As stocks, bonds and commodities flail, technician says one area of the market looks safe

Not much is working on Wall Street this year.

After hitting records in September, the S&P 500 has lost all gains for the year to hold just under the flat line. Safe haven assets like gold and bonds have also tumbled in 2018.

Ari Wald, head of technical analysis at Oppenheimer, said one corner of the market still works in both good times and bad.

"One standout idea here is managed care within the equity land. It really strikes the balance as far as actually really getting away from the whole risk-on, risk-off market timing debate," Wald said Monday on CNBC's "Trading Nation."

The S&P 500's managed health-care sub-industry has surged so far this year.

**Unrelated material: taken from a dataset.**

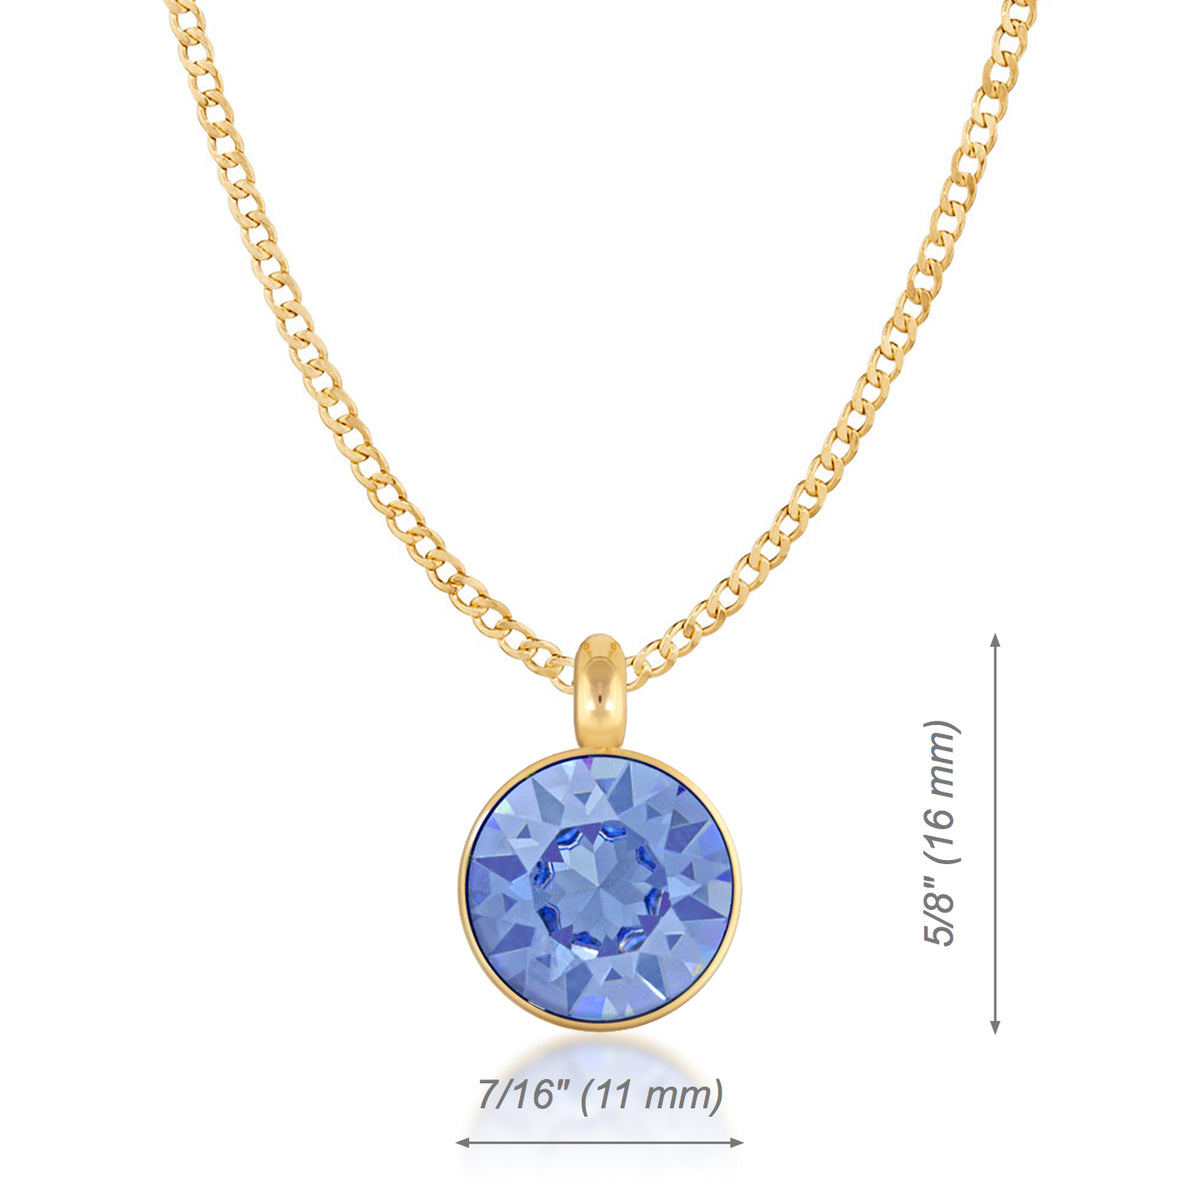 Bella Pendant Necklace with Blue Light Sapphire Round Crystals from Swarovski Gold Plated - Ed Heart

The group, which includes Anthem, Cigna and UnitedHealth, has rallied 19 percent since the beginning of 2018 and has held positive in the past three months even as the S&P 500 has tumbled nearly 8 percent.

"If you look at managed care relative to the S&P 500, it's coming off a new relative high so it has shown resiliency through this market correction that started in the fourth quarter," said Wald. "It was also outperforming when the market was rallying throughout 2017 so I think you don't run the risk of this becoming a source of funds if you do get that risk-on market movement here."

Managed health care rallied 42 percent in 2017, more than double the S&P 500's advance.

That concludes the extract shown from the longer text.